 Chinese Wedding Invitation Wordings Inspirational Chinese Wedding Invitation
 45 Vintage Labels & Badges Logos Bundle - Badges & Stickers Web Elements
::::::::
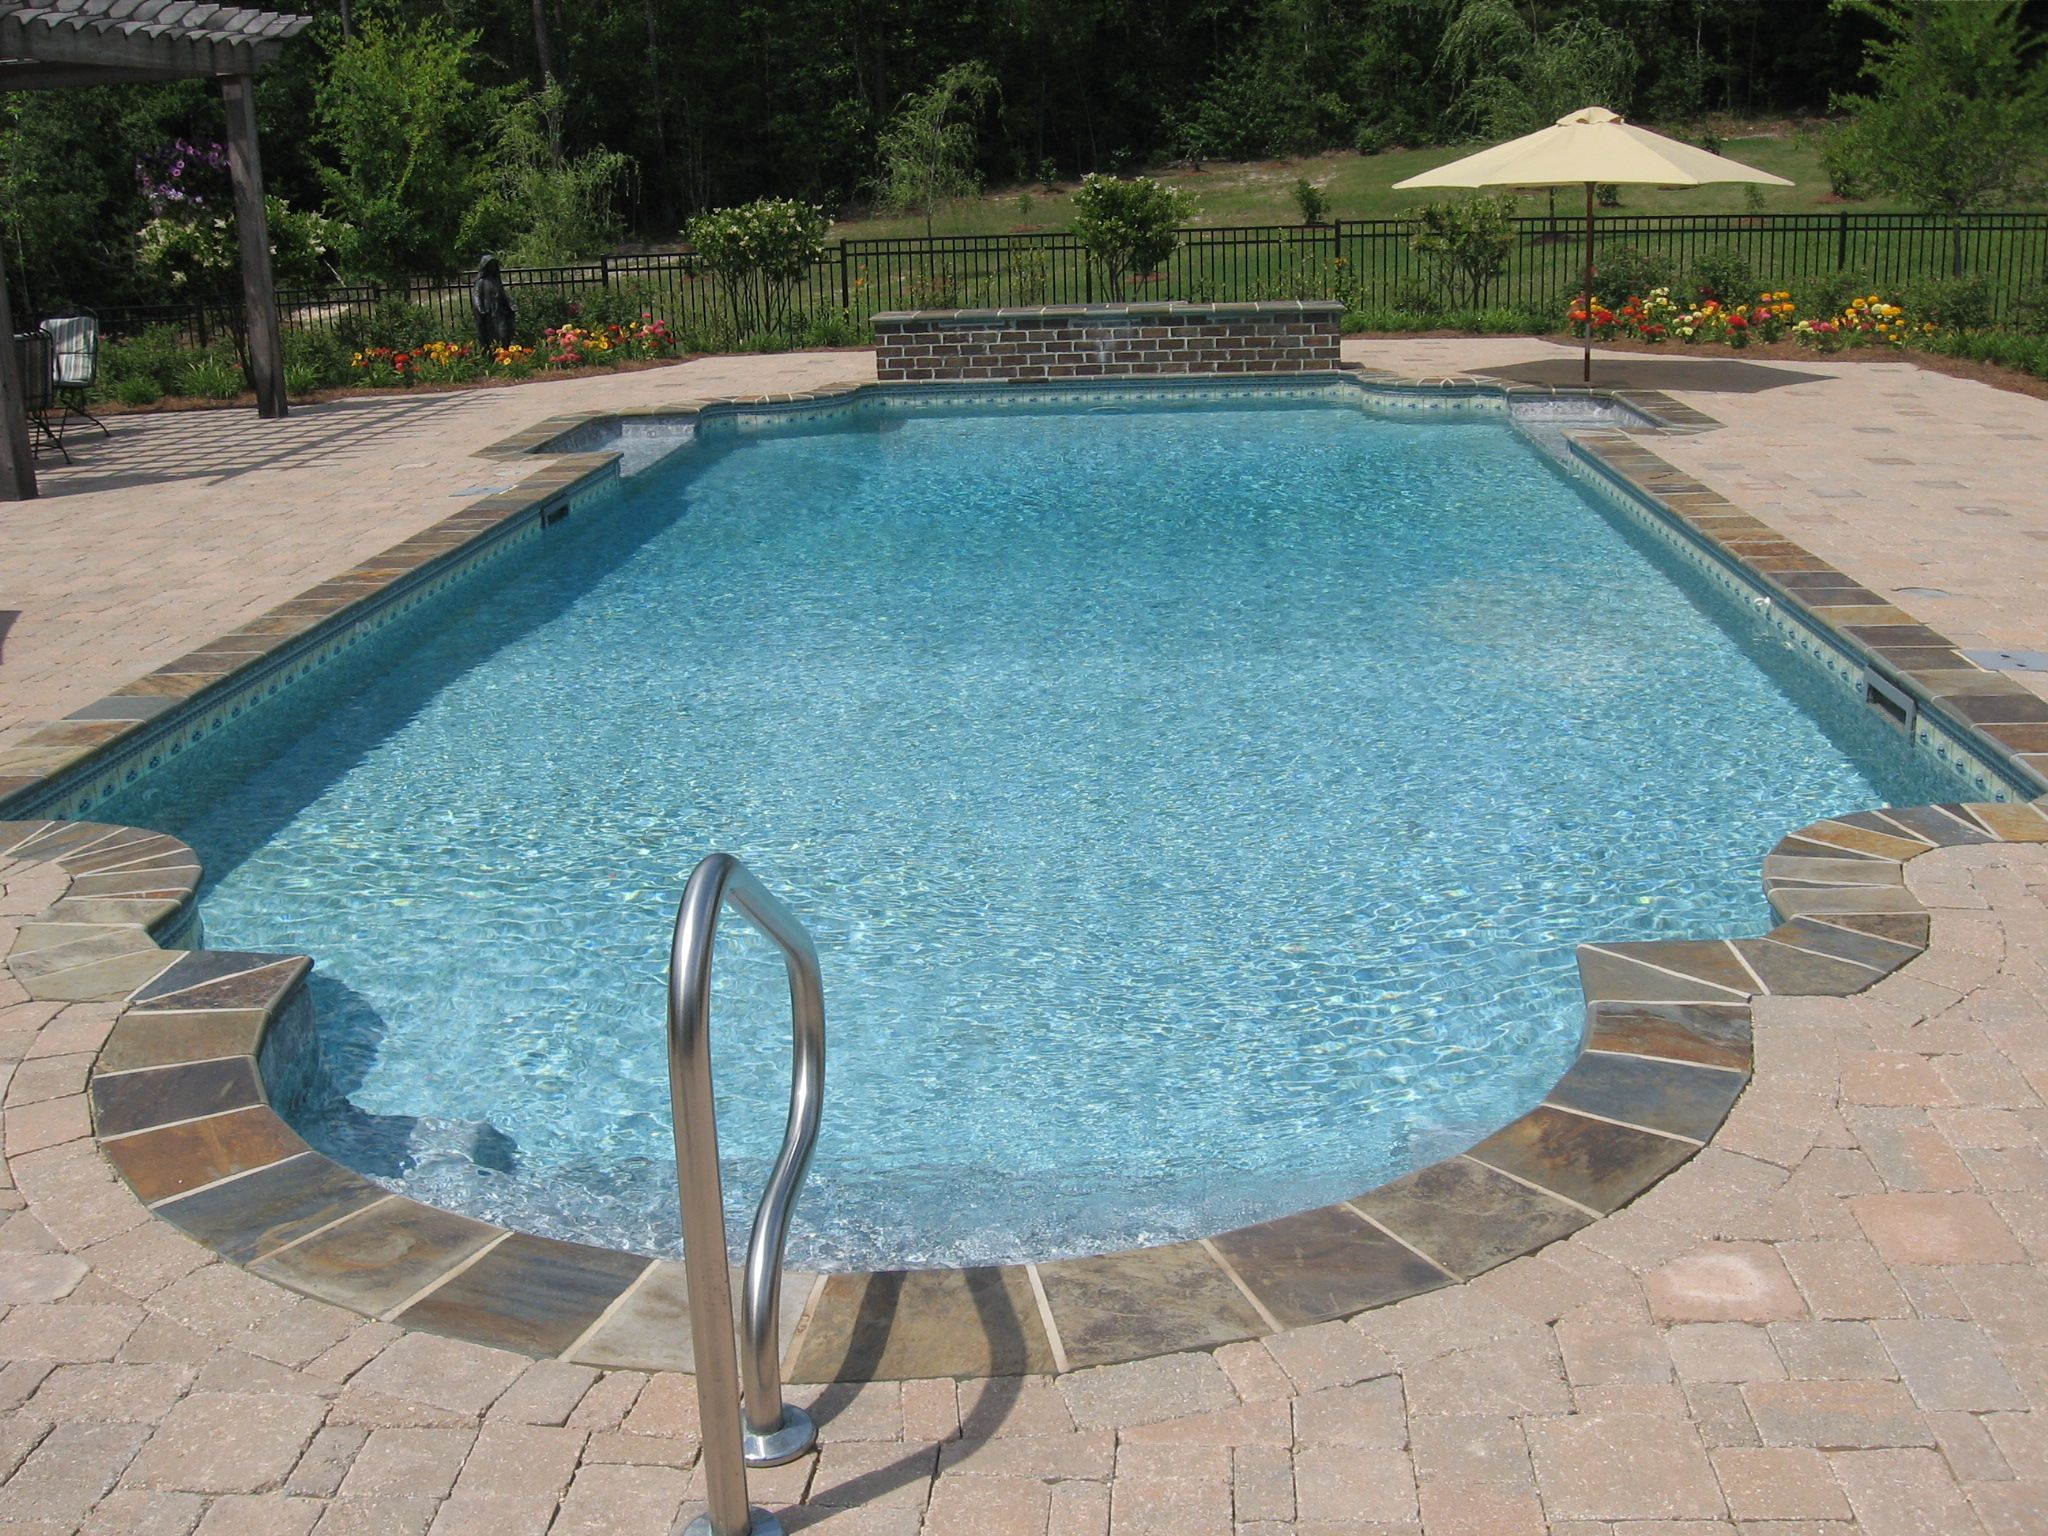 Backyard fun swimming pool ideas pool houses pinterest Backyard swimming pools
::::::::
ABOUT THIS EXERCISE: The response should be the listing above, limited to the lines between the one holding "Chinese Wedding Invitation Wordings" and the one holding "45 Vintage Labels", inclusive, reproduced exactly.

YOUR SOLUTION:
 Chinese Wedding Invitation Wordings Inspirational Chinese Wedding Invitation
 45 Vintage Labels & Badges Logos Bundle - Badges & Stickers Web Elements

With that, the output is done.